The evidentiary hearing was set on a motion initially filed by the Trustee for authorization to make a final distribution of proceeds from the sale of real property located at 3149 W. Lake Blvd., Tahoe City, California ("Tahoe Property") to the secured creditors with senior and junior liens on the property.
The court continued the evidentiary hearing to May 16, 2017, to announce its decision. However, upon further consideration the court has elected to enter a written decision in this memorandum and order in lieu of an oral decision placed on the record. This memorandum and order constitutes the court's findings of fact and conclusions of law pursuant to Federal Rule of Civil Procedure 52(a) applicable by Federal Rules of Bankruptcy Procedure 7052 and 9014(c).

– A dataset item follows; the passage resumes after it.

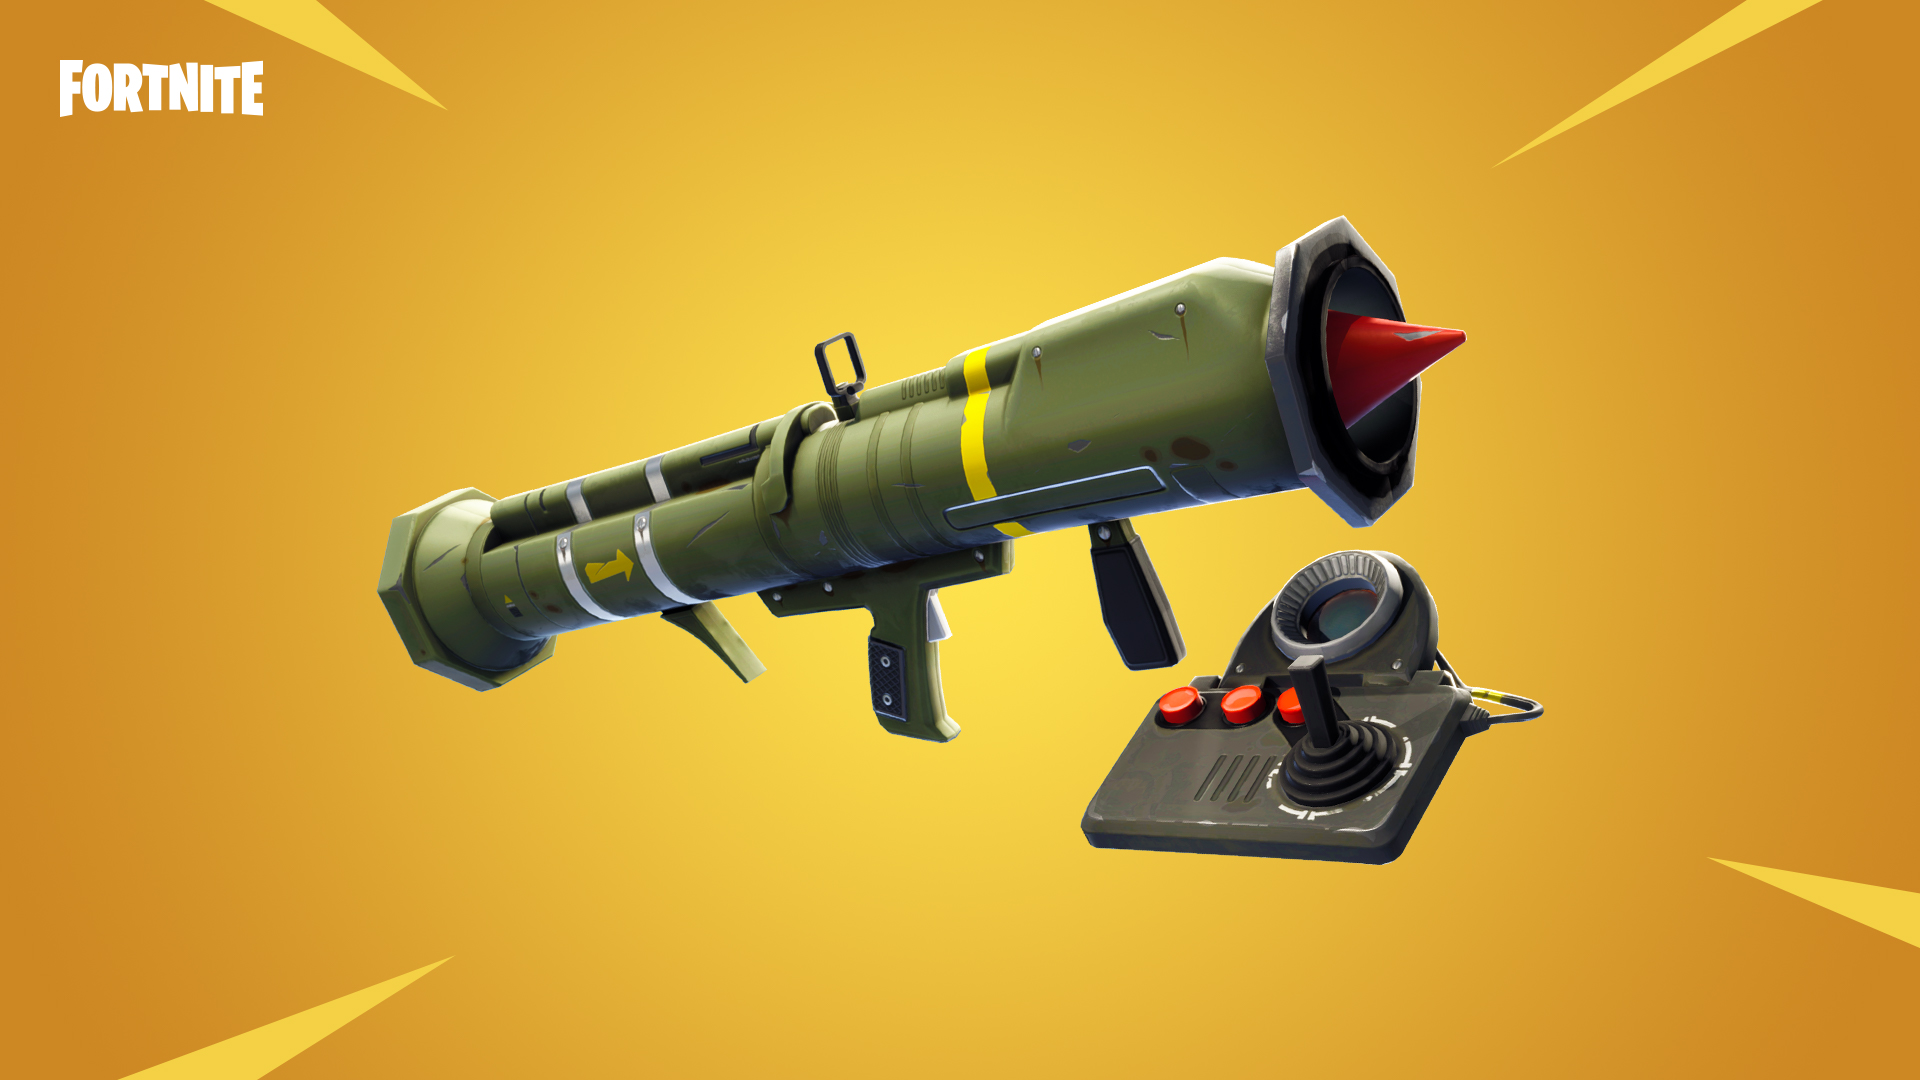 Fortnite Bugs Might Disable Another Weapon Here S How To Avoid It - fortnite bugs might disable another weapon here s how to avoid it

On or about July 25, 2007, the Debtor and Mr. Gold signed a promissory note in the original principal amount of $850,000.00 payable to Bank of America N.A. ("BofA"). The note provided for interest only from 2007 through 2017 with an initial fixed-interest rate of 6.875% through August 1, 2012, at which time the interest rate would change to the average 1-year LIBOR rate plus 2.250% with similar annual interest rate adjustments through 2017. So, from loan origination in 2007 through July 1, 2012, monthly interest-only payments were fixed at $4,869.79.

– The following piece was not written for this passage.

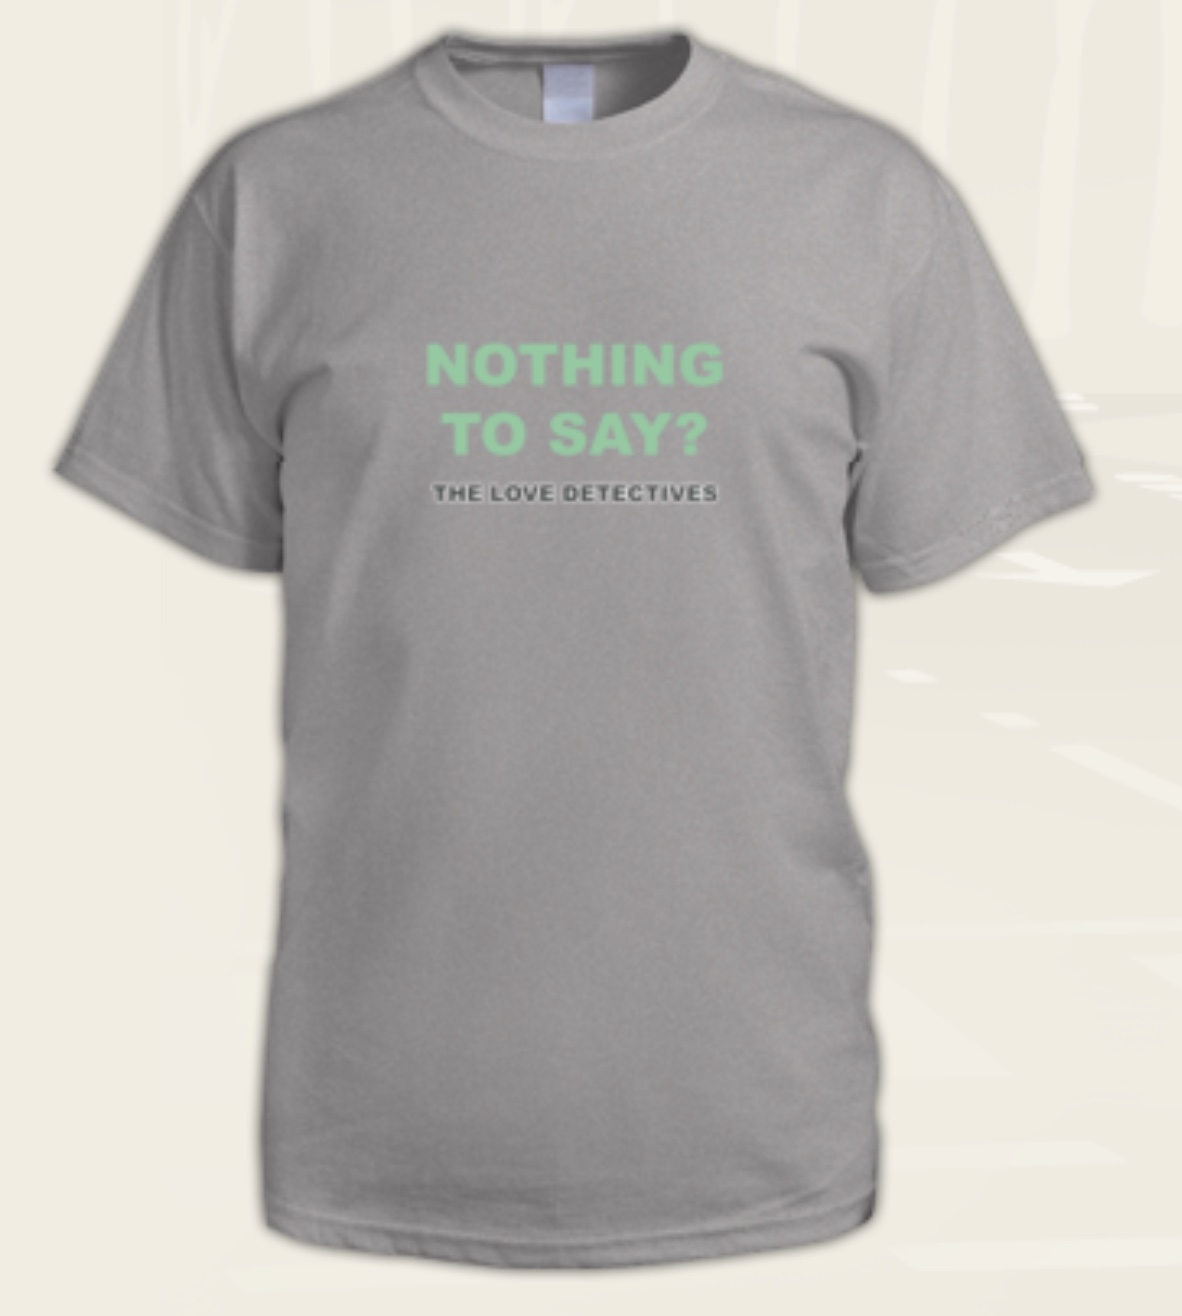 Nothing to Say T shirt.jpeg

The note was secured by a deed of trust on the Tahoe Property which also named BofA as the beneficiary. The deed of trust was recorded with the Placer County Recorder on July 30, 2007. A copy of the deed of trust is attached as Nationstar's Exhibit 2 to dkt. 140 and is admitted into evidence without objection.

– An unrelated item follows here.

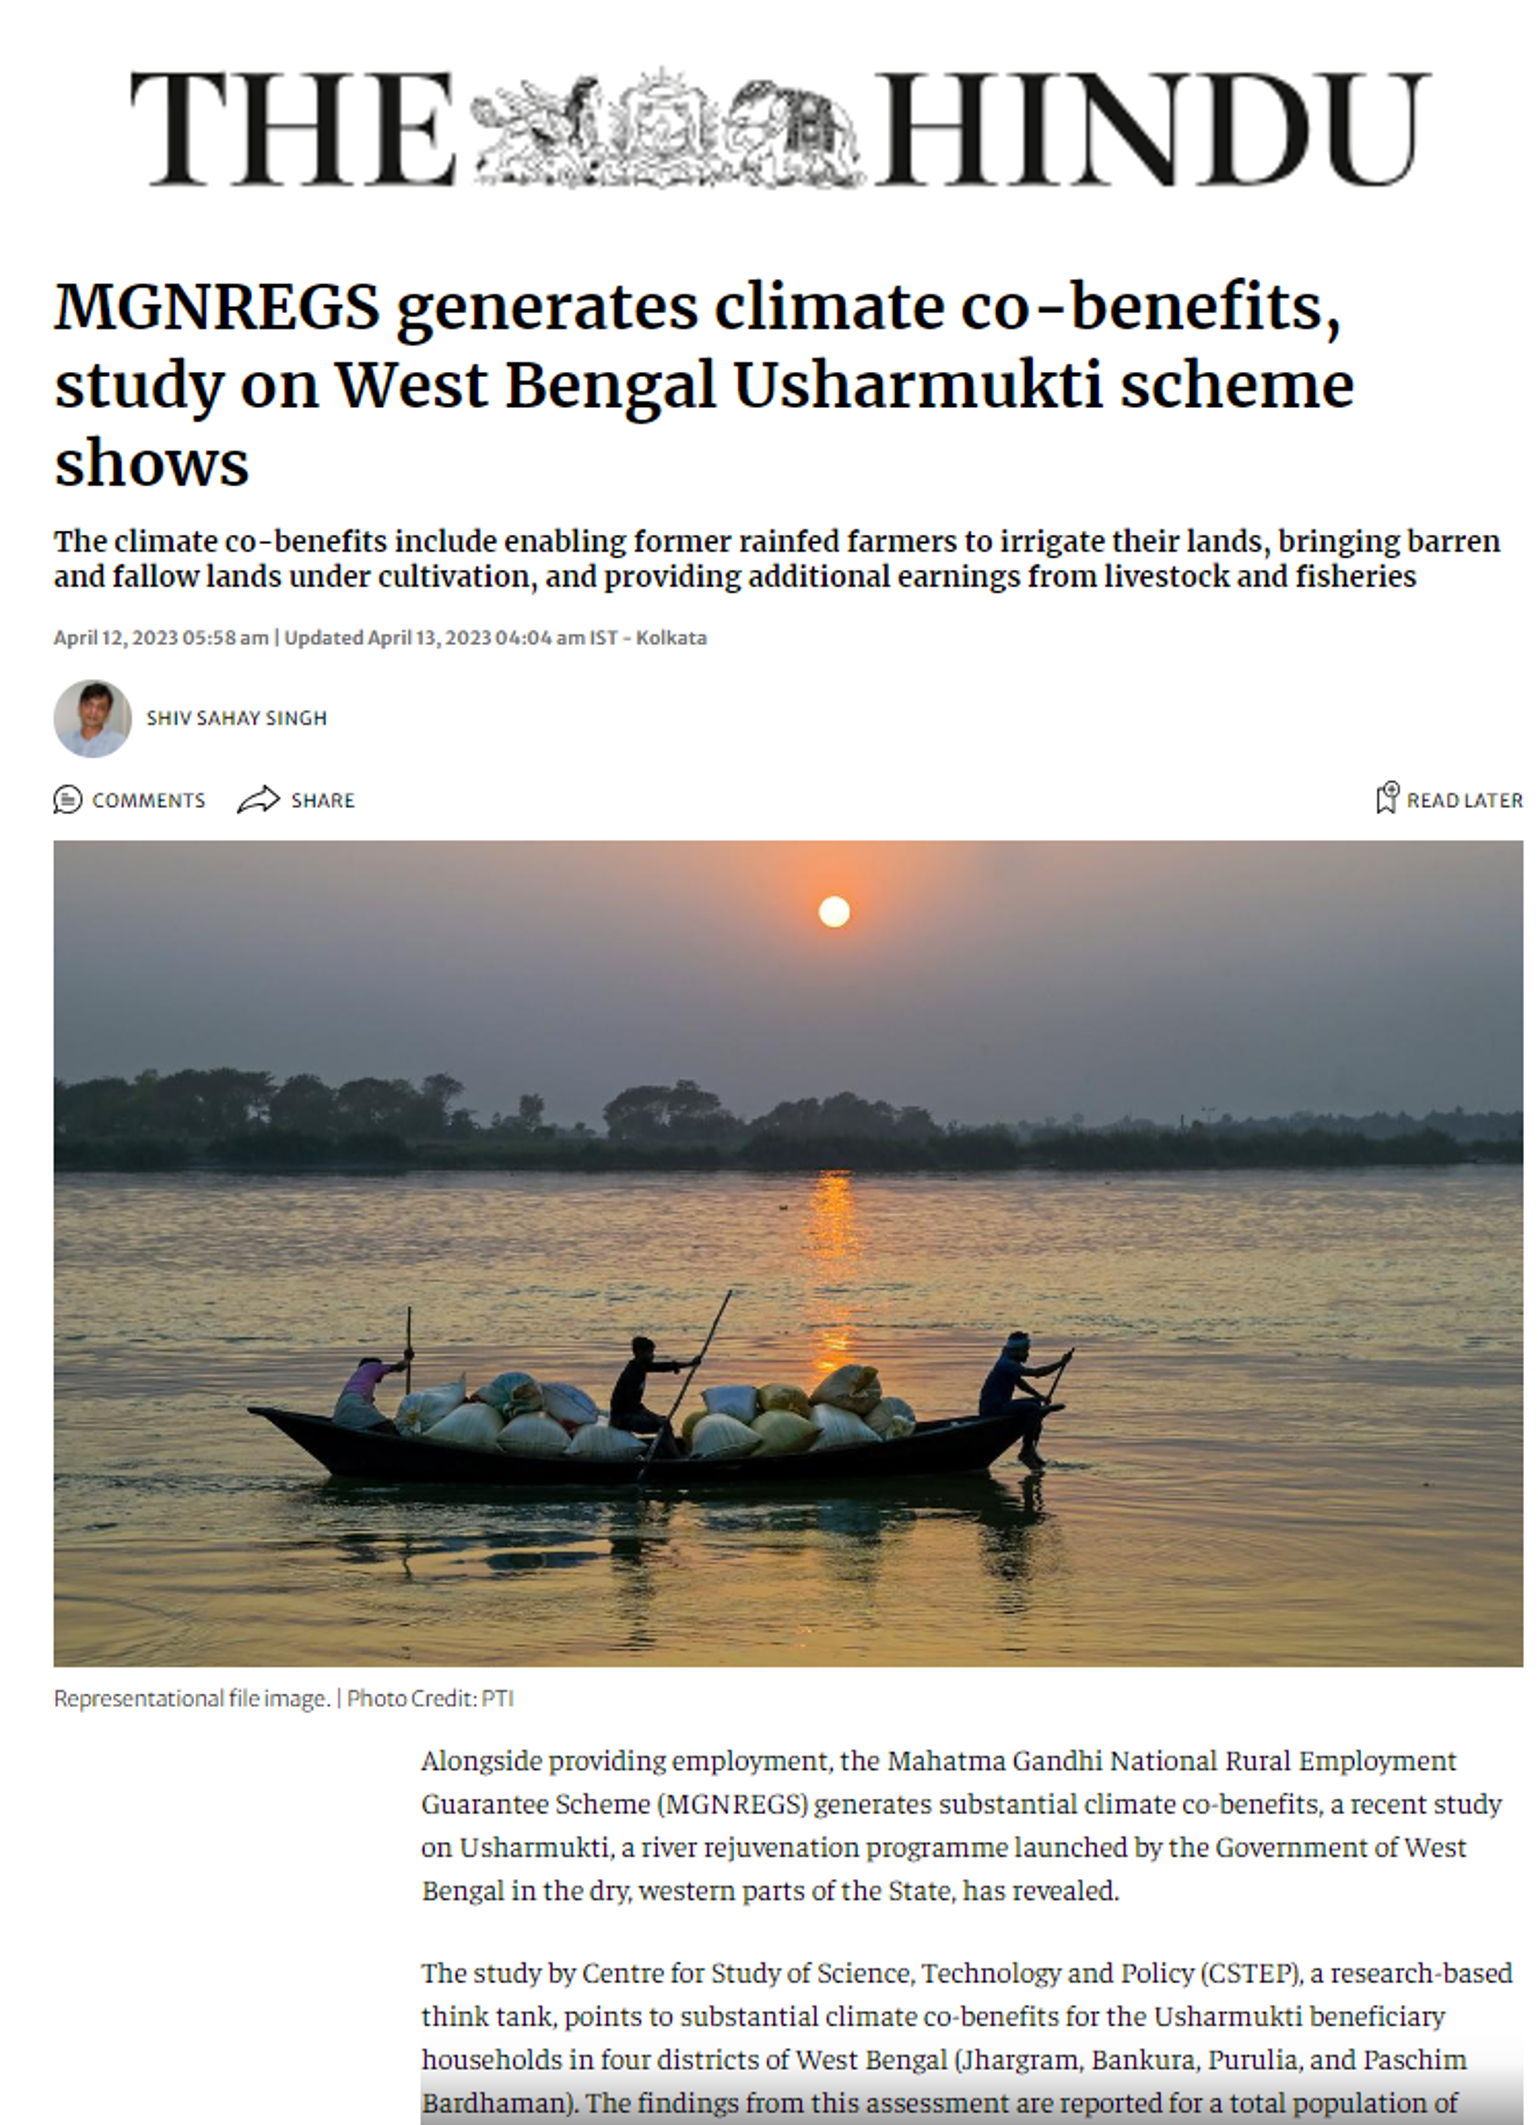 CSTEP’s study mentioned in and Tashina Madappa quoted by The Hindu on the climate co-benefits of MGNREGS

An assignment of the beneficial interest of the deed of trust from BofA to WFB dated January 25, 2012, was recorded with the Placer County Recorder on or about February 9, 2012. A copy of the assignment is attached as Nationstar's Exhibit 3 to dkt. 140 and is admitted into evidence without objection.
When the Trustee sold the Tahoe Property, it appeared from recorded documents and a title report that the property was encumbered by a senior and a junior lien.
Mr. Gold asserts that neither WFB nor Nationstar are the proper payee(s) or recipient(s) of the Tahoe Property sale proceeds because neither hold a claim secured by that property. He concedes that the principal balance owed on the note is $823,000.00.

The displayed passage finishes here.